To do » Repeat the listing exactly. Pictures stay out of your copy.

##### Data excerpt

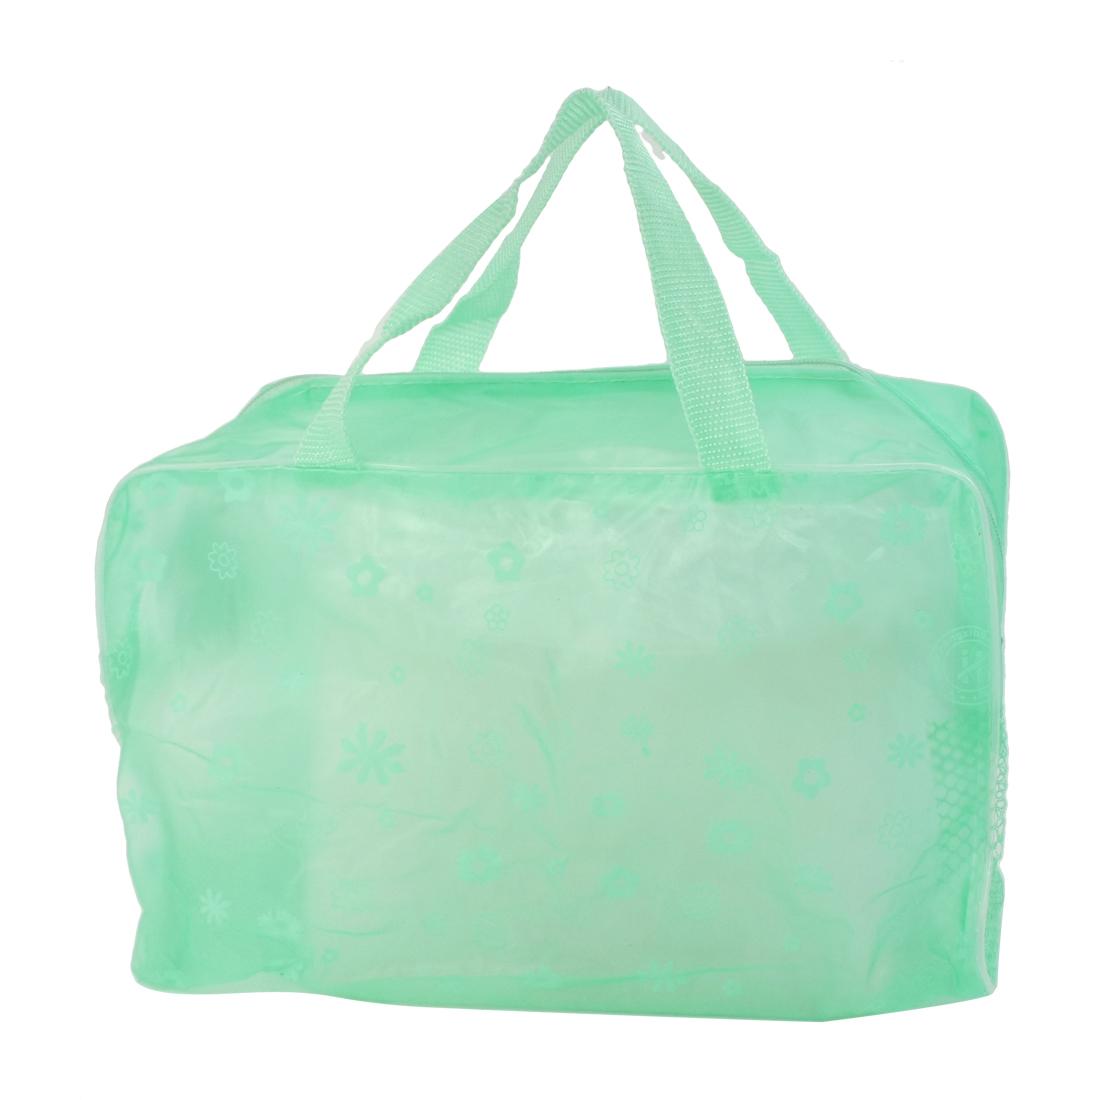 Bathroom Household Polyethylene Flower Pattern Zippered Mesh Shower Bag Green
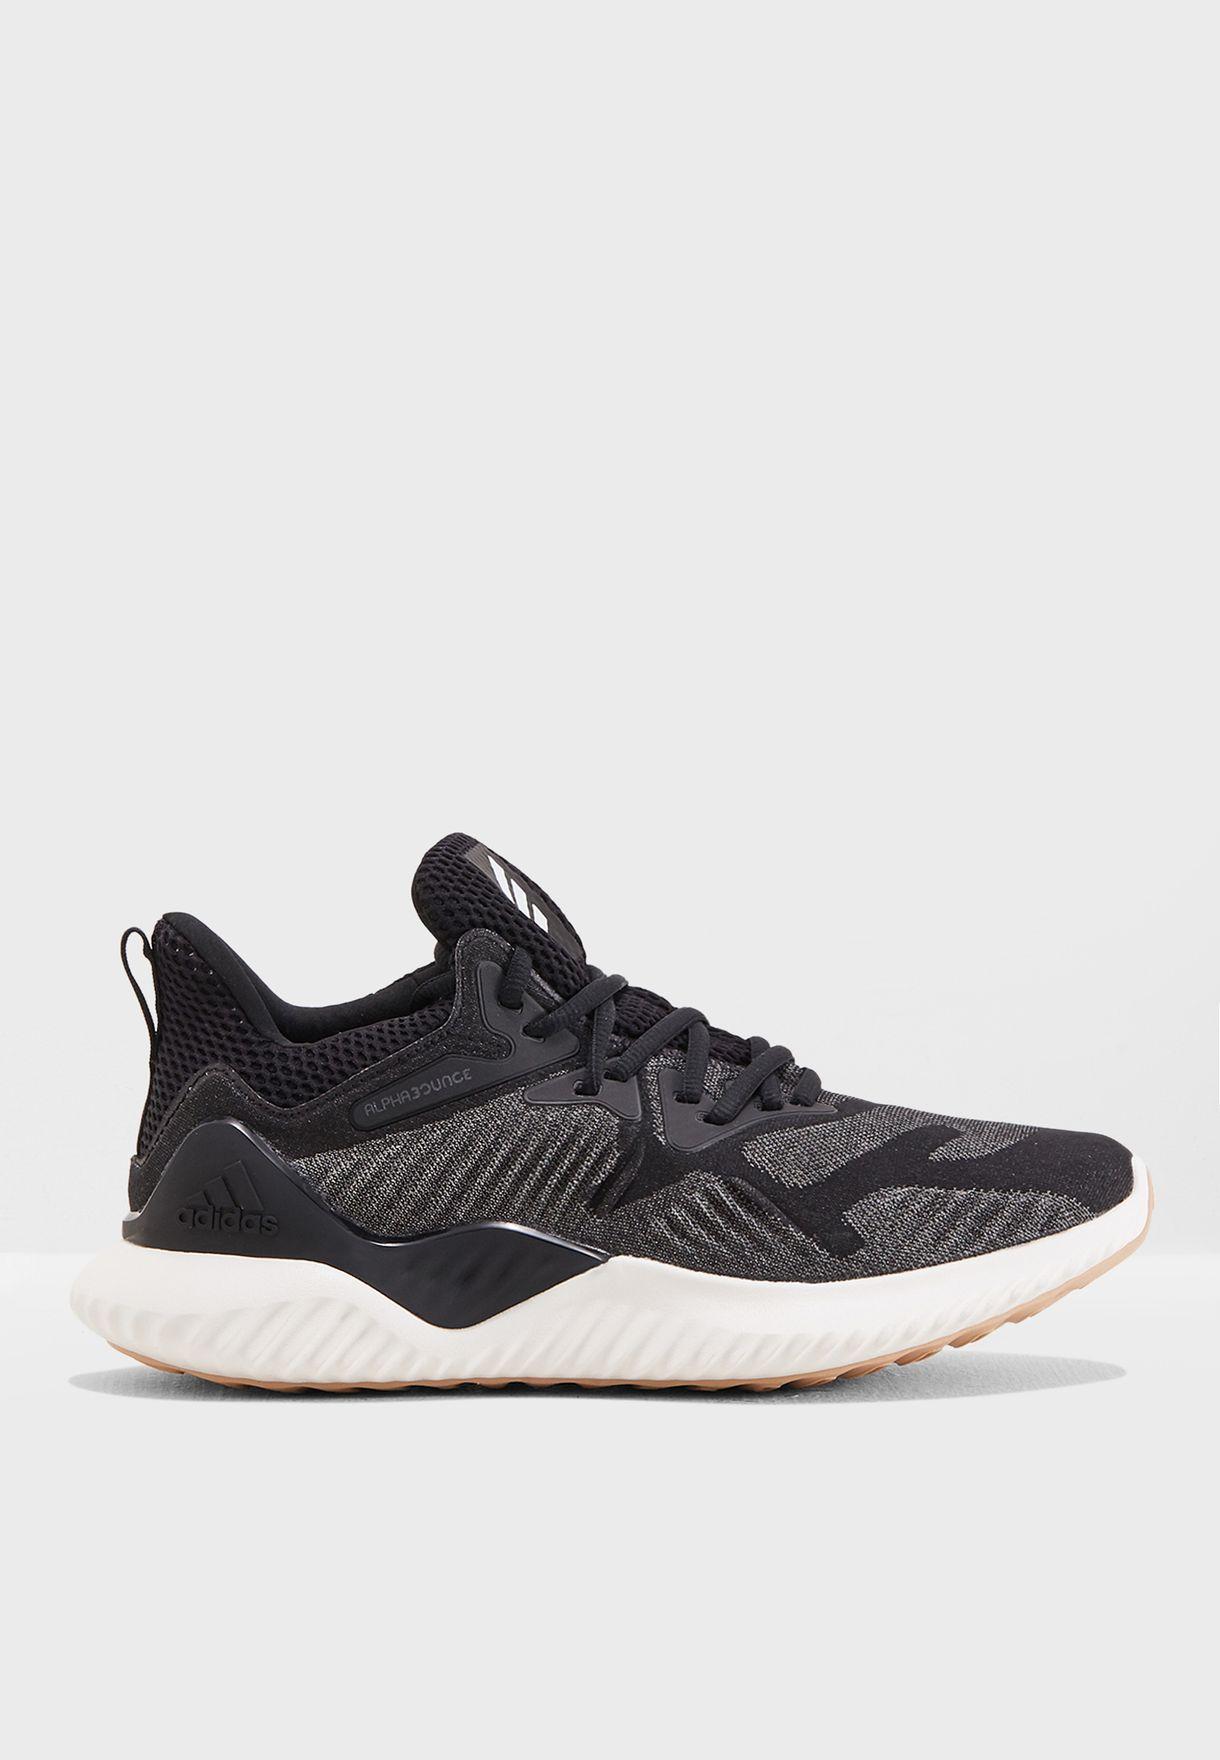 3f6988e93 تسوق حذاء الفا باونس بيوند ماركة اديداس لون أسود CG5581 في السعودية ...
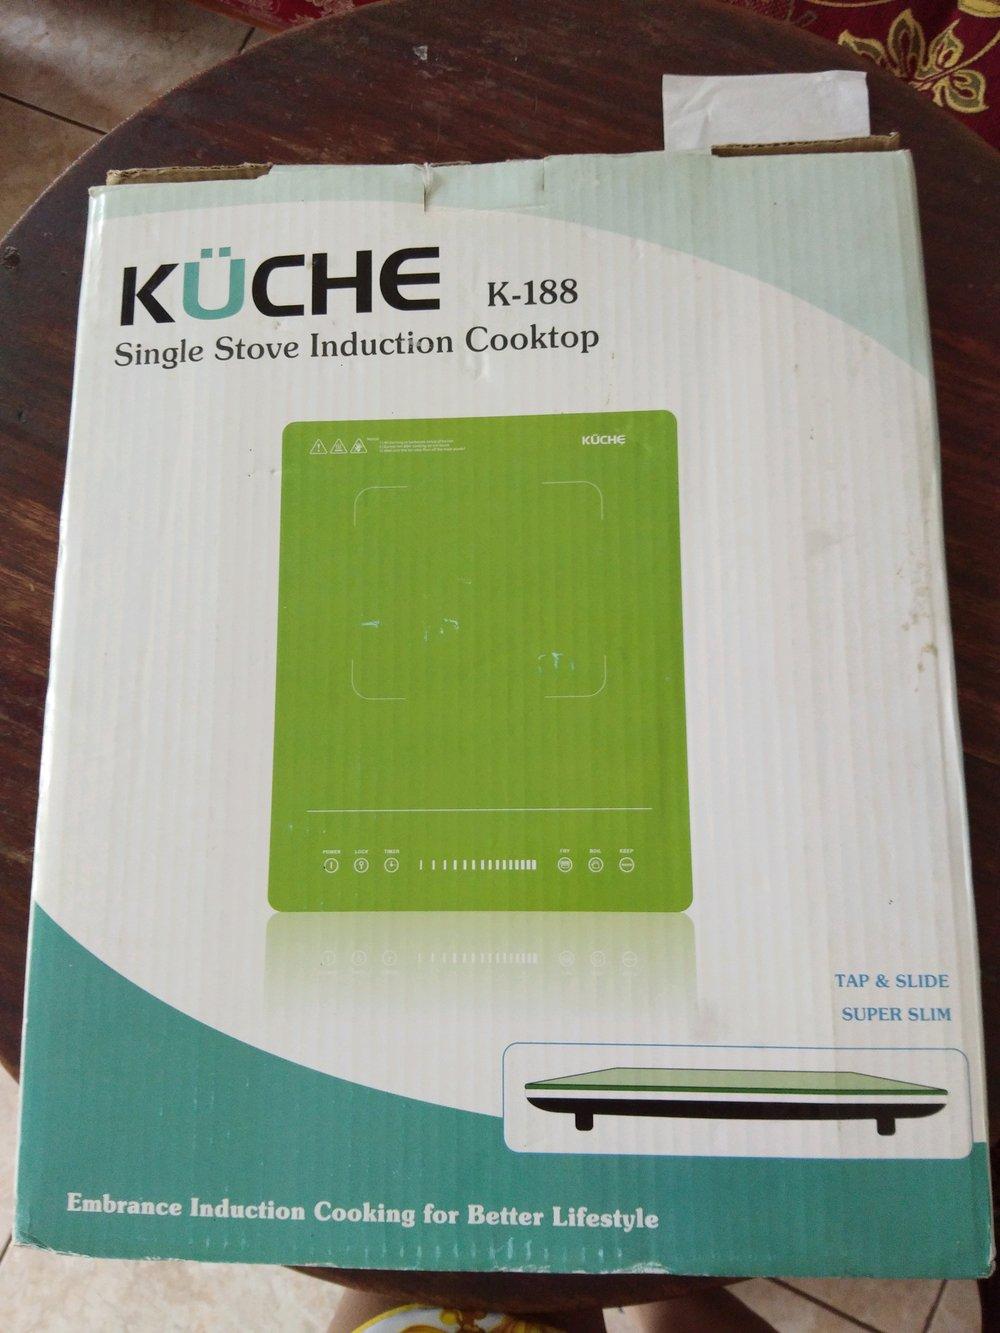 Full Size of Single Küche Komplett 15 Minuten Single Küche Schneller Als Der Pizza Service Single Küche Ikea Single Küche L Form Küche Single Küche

##########

Exercise solution »
 Bathroom Household Polyethylene Flower Pattern Zippered Mesh Shower Bag Green
 3f6988e93 تسوق حذاء الفا باونس بيوند ماركة اديداس لون أسود CG5581 في السعودية ...
 Full Size of Single Küche Komplett 15 Minuten Single Küche Schneller Als Der Pizza Service Single Küche Ikea Single Küche L Form Küche Single Küche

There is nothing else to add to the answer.